ANBI gemeente
Gegevens Protestantse Gemeente te Houten ten bate van ANBI
De Protestantse Gemeente te Houten en haar diaconie zijn erkend als Algemeen Nut Beogende instelling (ANBI).Gewone en periodieke giften aan de Protestantse Gemeente zijn daardoor aftrekbaar van de belasting.
Conform de wettelijke verplichting voor ANBI erkende instellingen maken we hieronder de financieel gegevens van de Protestantse Gemeente openbaar.
A. Algemene gegevens
Naam ANBI: | Protestantse gemeente te Houten |
Telefoonnummer (facultatief): | 030 6374986 |
RSIN/Fiscaal nummer: | 006481073 |
KvK-nummer | 83758097 |
Website adres: | protestantsegemeentehouten.nl |
E-mail: | contact@protestantsegemeentehouten.nl |
Adres: | Het Kant 1 |
Postcode: | 3995 DA |
Plaats: | Houten |
De Protestantse Gemeente te Houten (hierna PGH) is een geloofsgemeenschap die behoort tot de Protestantse Kerk in Nederland. In het statuut (kerkorde) van de Protestantse Kerk staat dit in ordinantie 2 artikel 1 als volgt omschreven “een gemeente is de gemeenschap, die geroepen, tot eenheid, getuigenis en dienst, samenkomt rondom Woord en sacramenten“.

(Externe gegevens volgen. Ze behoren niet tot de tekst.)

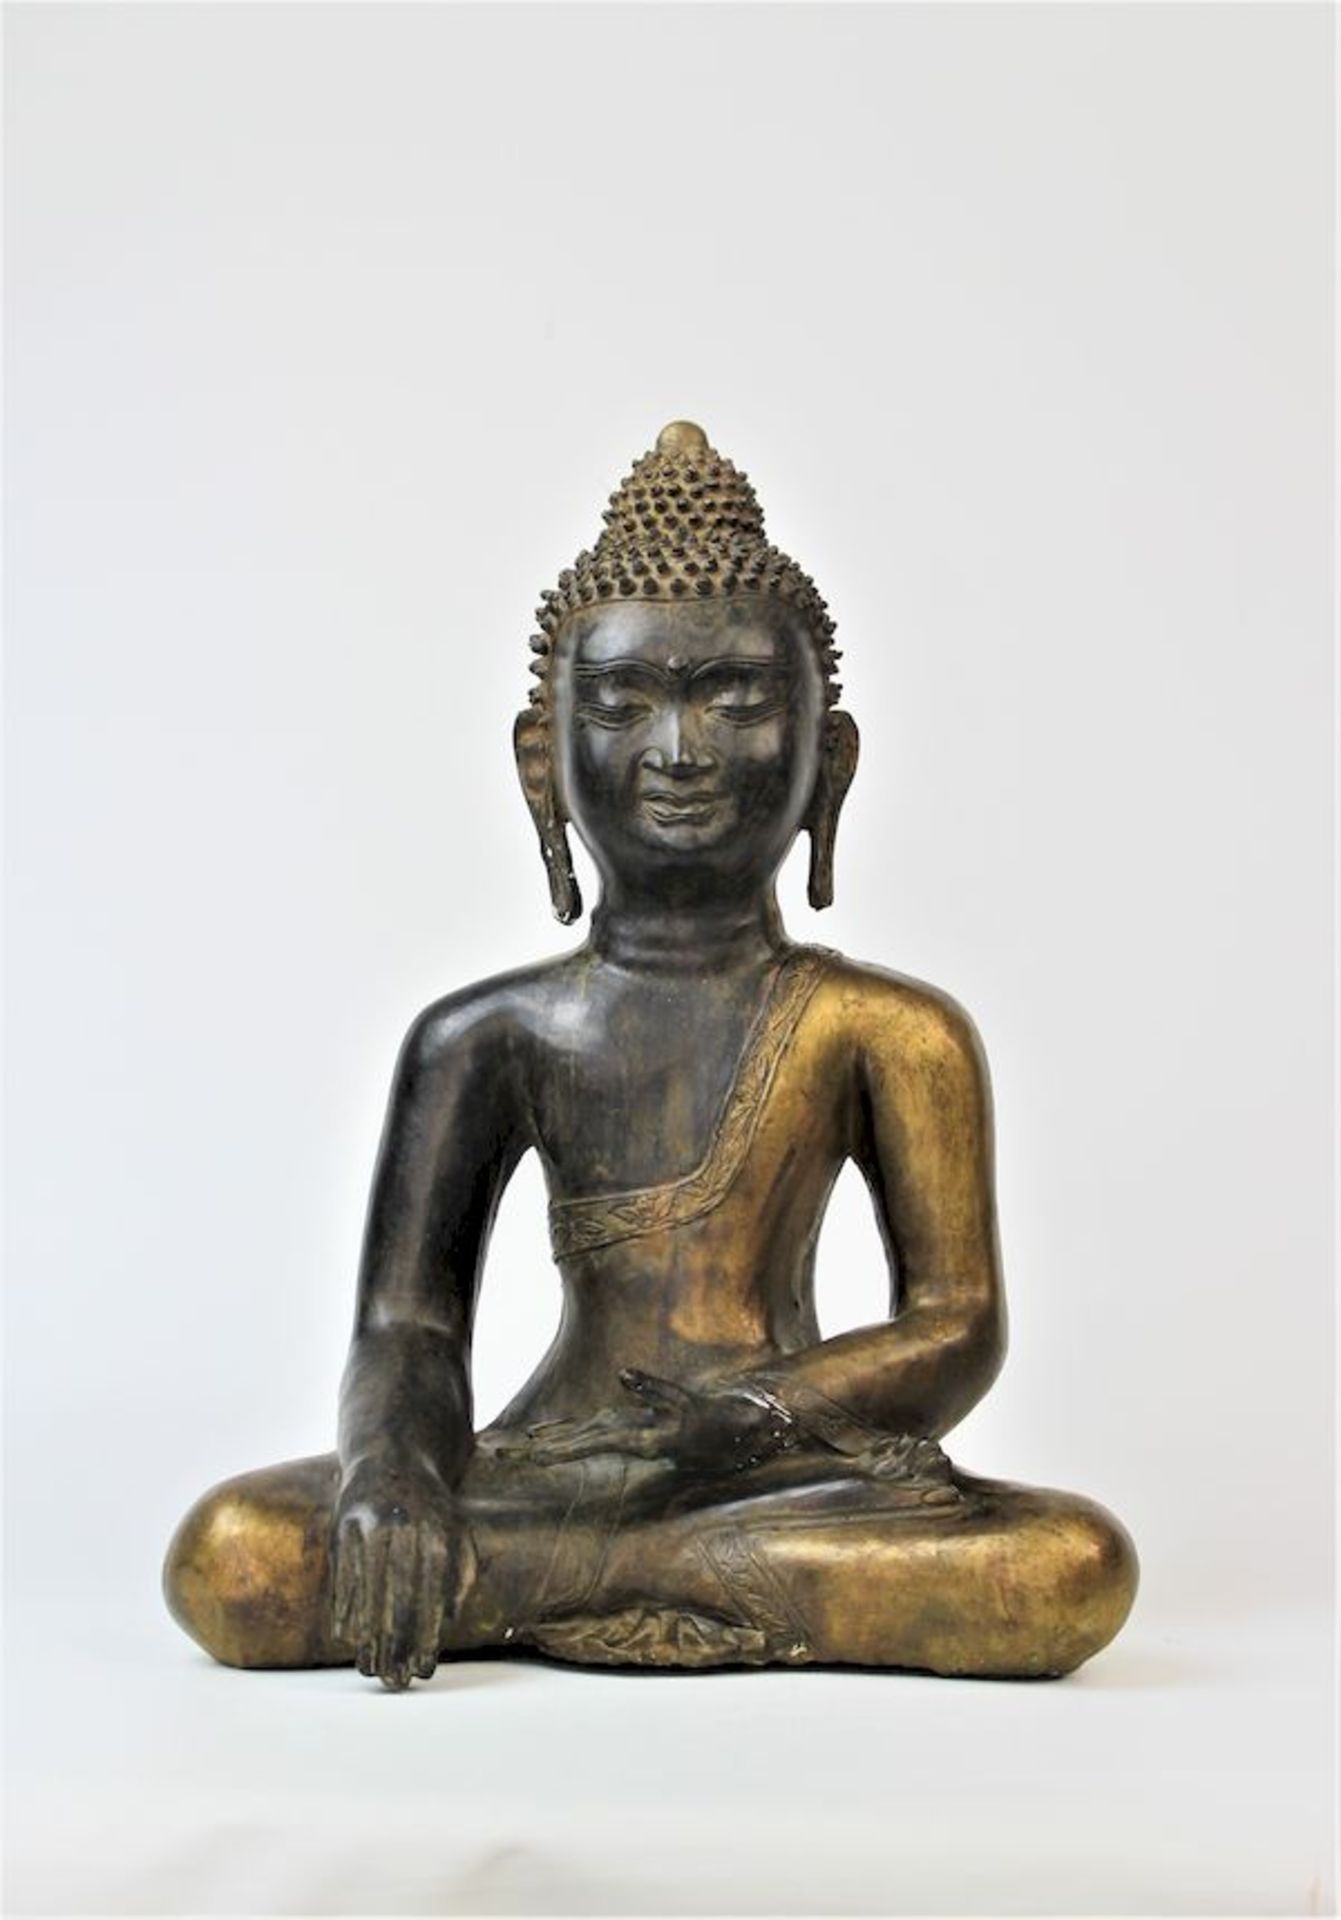 Großer Buddha Shakyamuni, Tibet wohl 16./17.Jhdt.Bronze, partiell feuervergoldet Boden neuzeitlich

Deze gemeente is een zelfstandig onderdeel als bedoeld in artikel 2 boek 2 Burgerlijk wetboek en bezit rechtspersoonlijkheid. Dit is ook vastgelegd in ordinantie 11 artikel 4 lid 1 van de kerkorde.
De kerkorde van de Protestantse Kerk in Nederland bevat o.m. bepalingen omtrent het bestuur, de financiën, toezicht en (tucht)rechtspraak die gelden voor de kerkleden, de gemeenten en andere onderdelen van deze kerk. Deze kerkorde is te vinden op de website van de landelijke kerk.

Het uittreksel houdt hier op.